Work request: From the material below, set down exactly the lines that run from the one containing "Recetas De Cocina" to the one containing "交じるオフェンスやる淡路島の「大発」のお線香 福運 白檀", minus the pictures.

Extracted entries:
▽
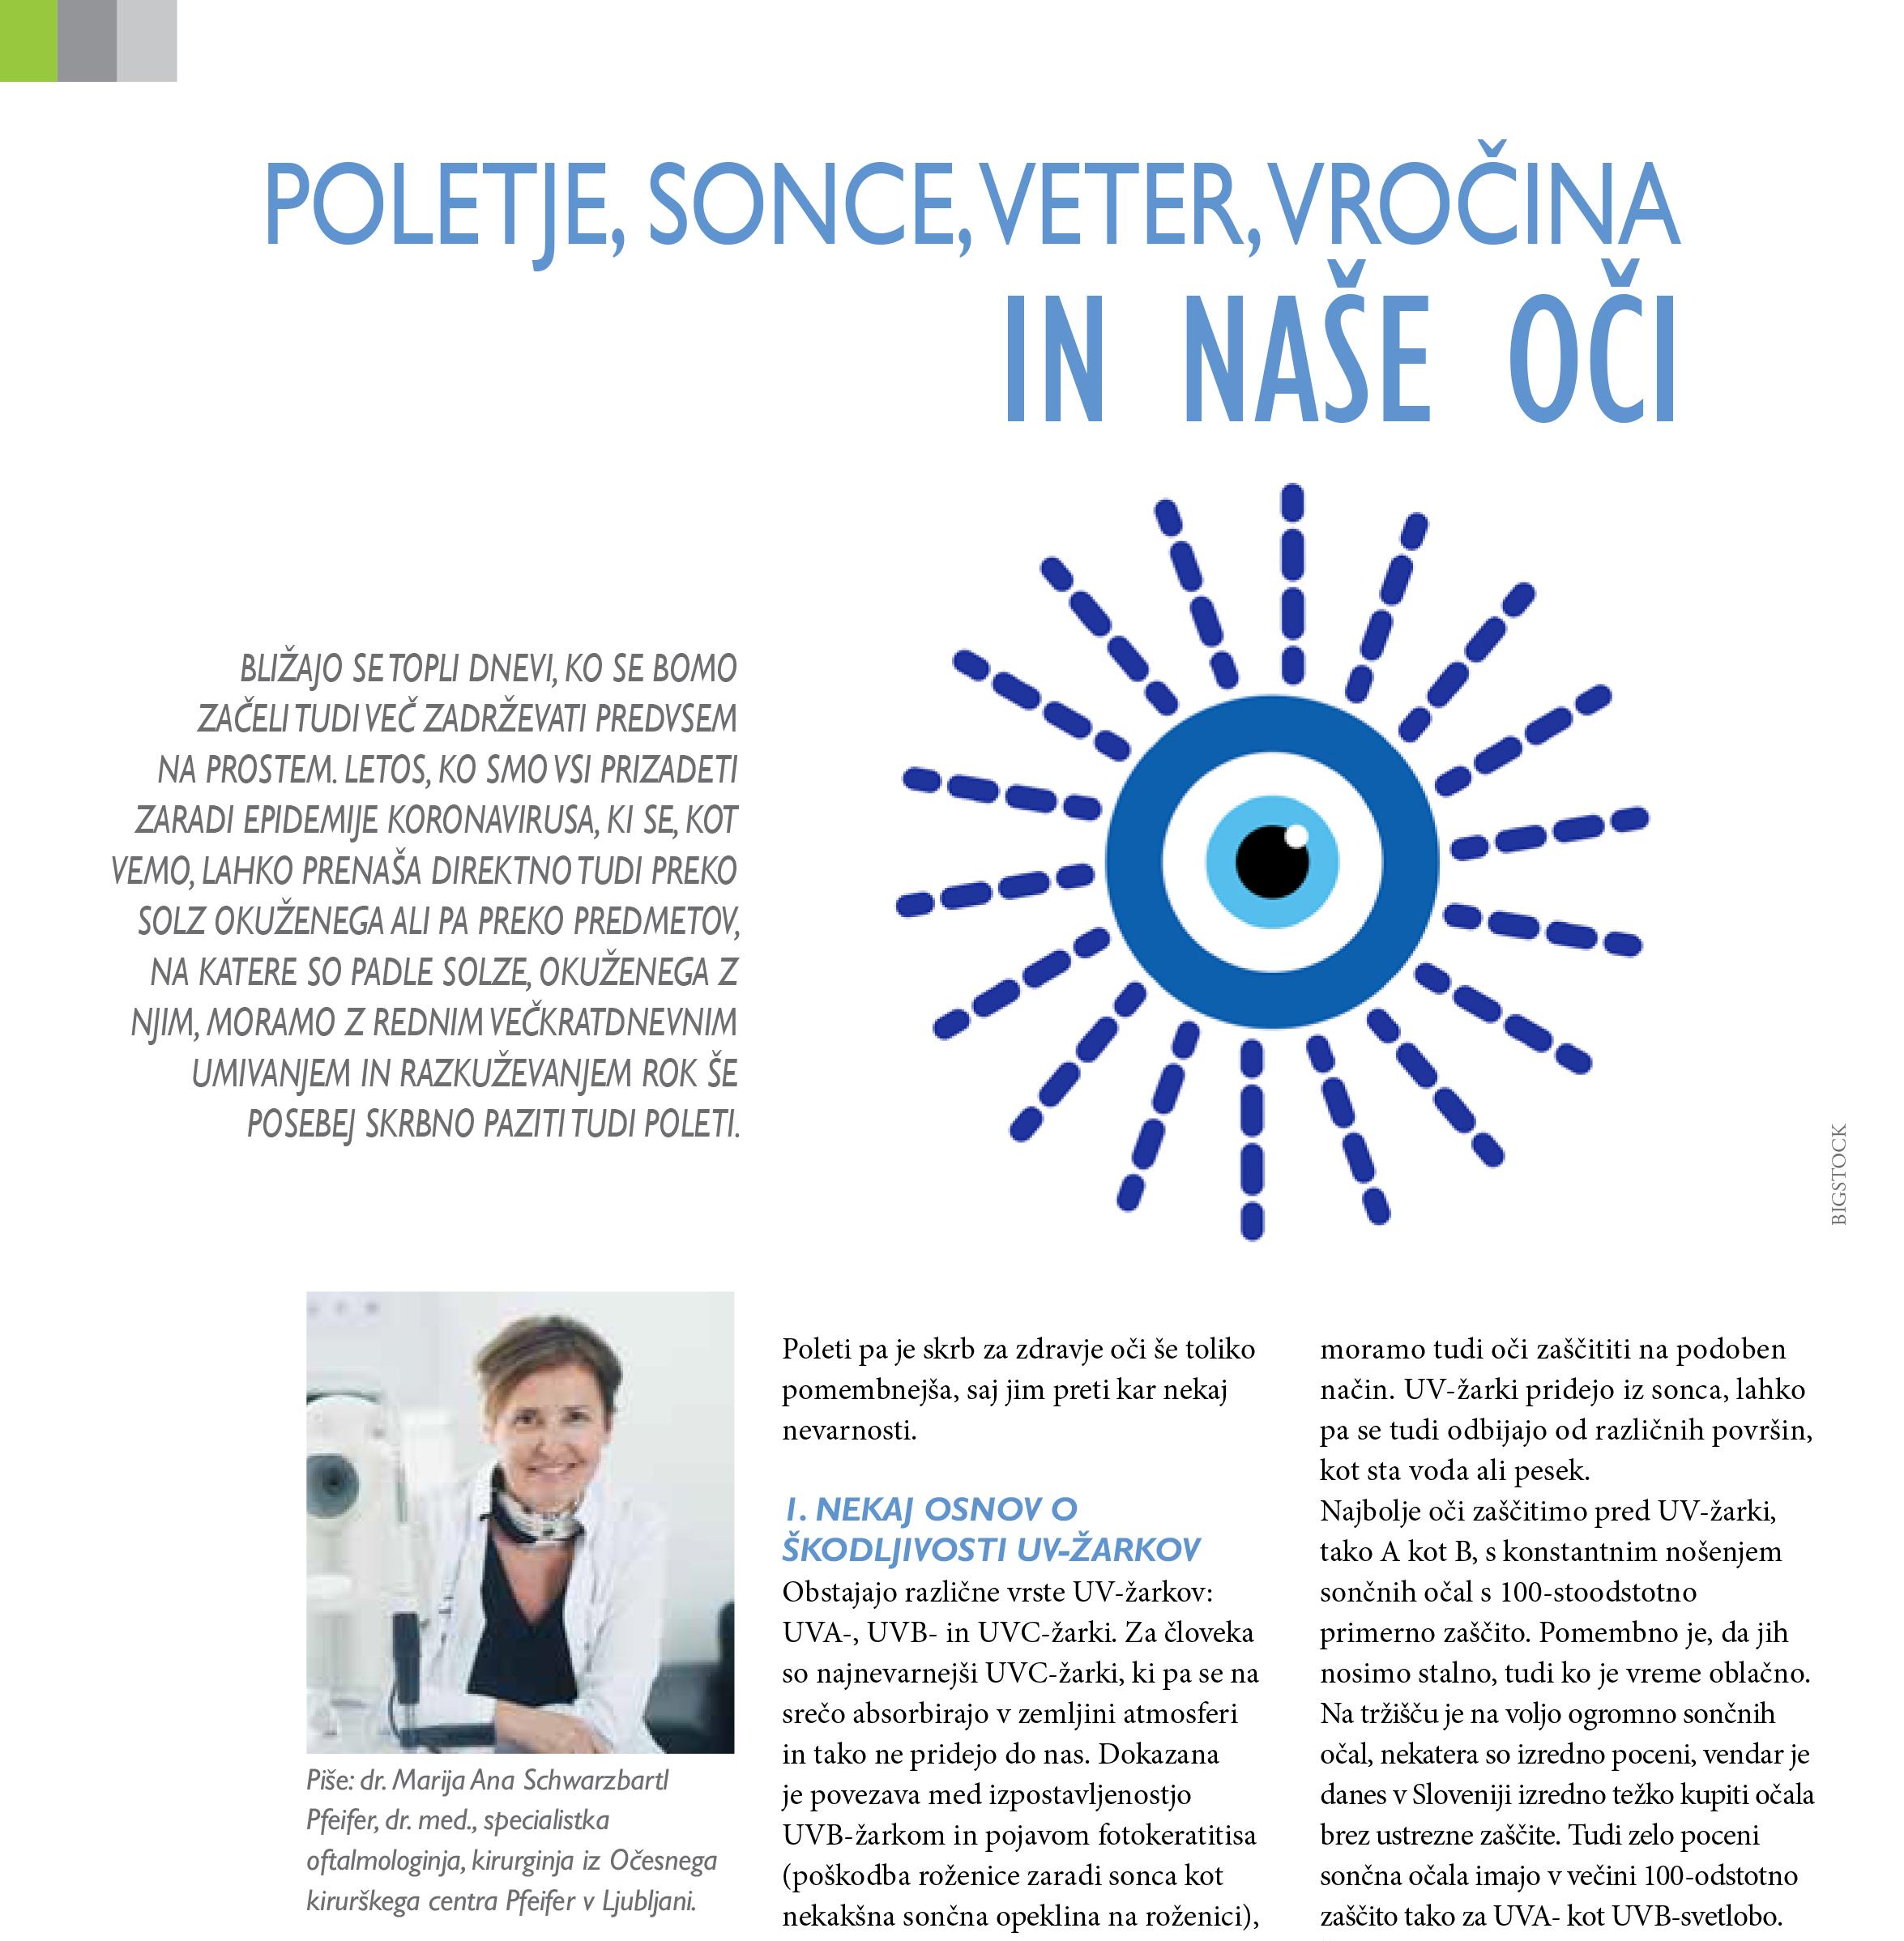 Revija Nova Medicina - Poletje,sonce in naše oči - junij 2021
△
▽
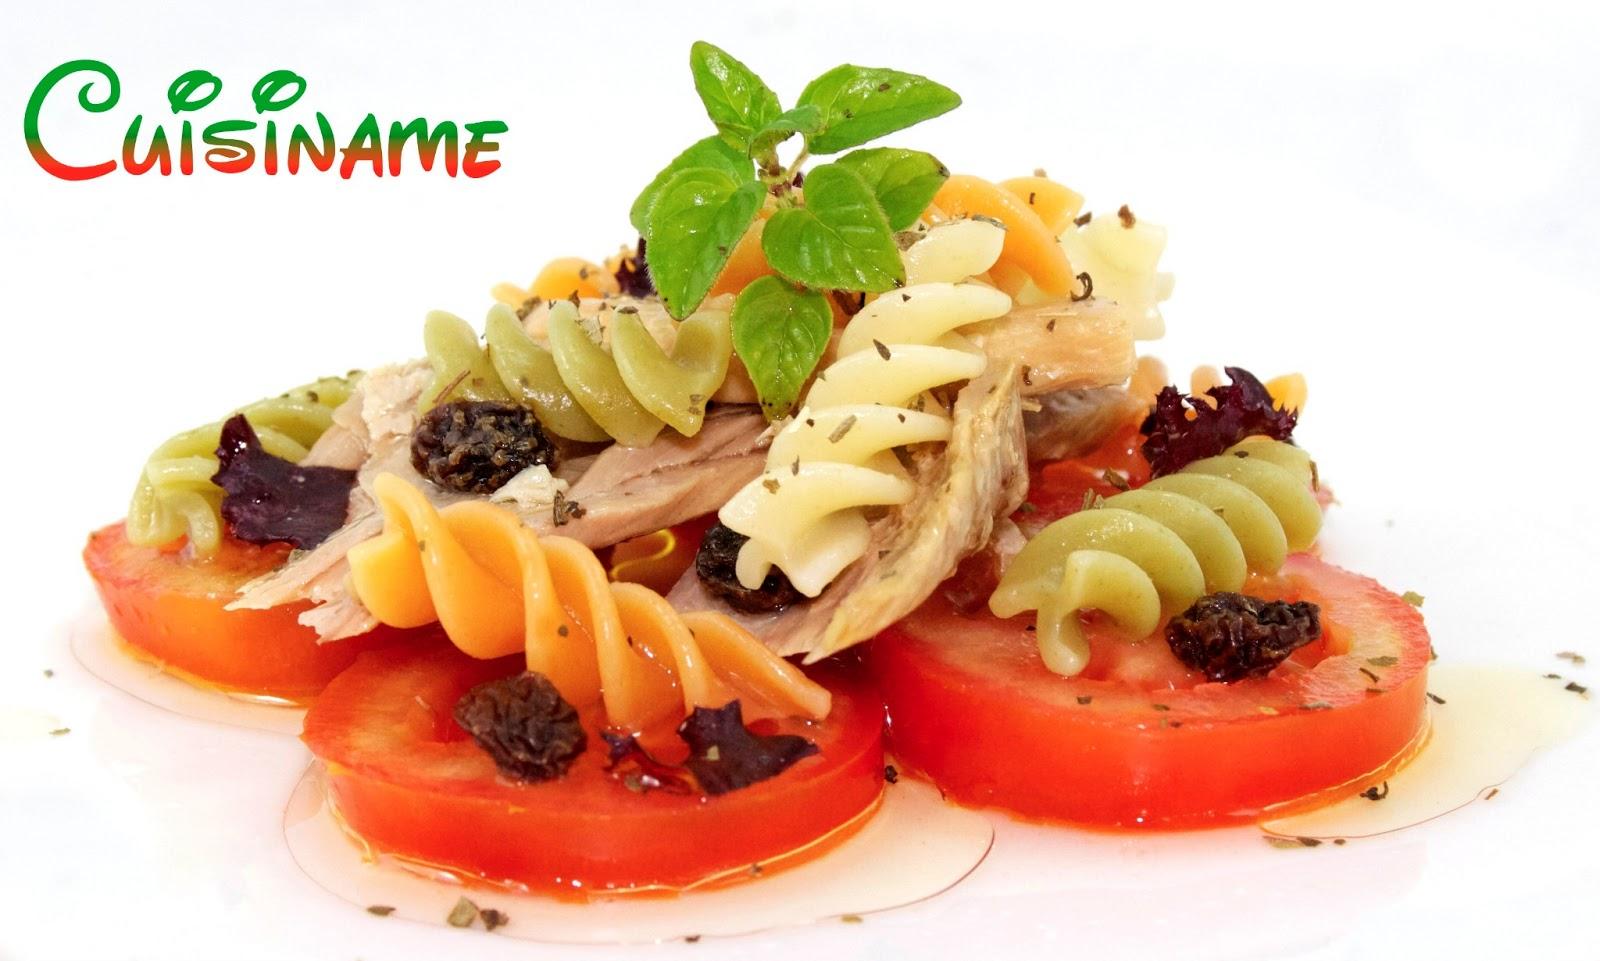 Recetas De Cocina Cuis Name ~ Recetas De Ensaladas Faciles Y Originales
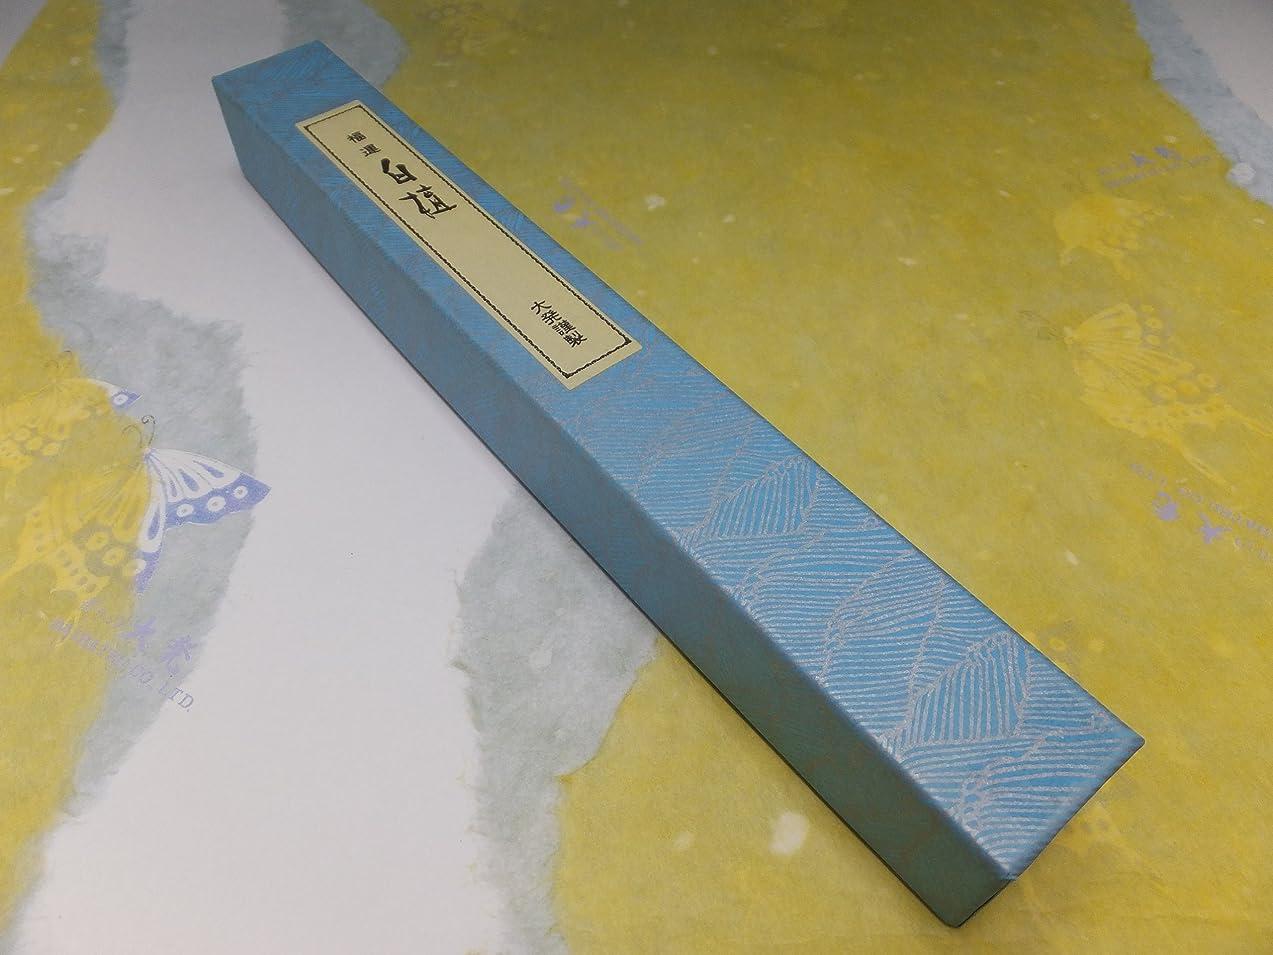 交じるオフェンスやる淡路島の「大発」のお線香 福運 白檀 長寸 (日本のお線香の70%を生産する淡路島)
△
Written response:
 Recetas De Cocina Cuis Name ~ Recetas De Ensaladas Faciles Y Originales
 交じるオフェンスやる淡路島の「大発」のお線香 福運 白檀 長寸 (日本のお線香の70%を生産する淡路島)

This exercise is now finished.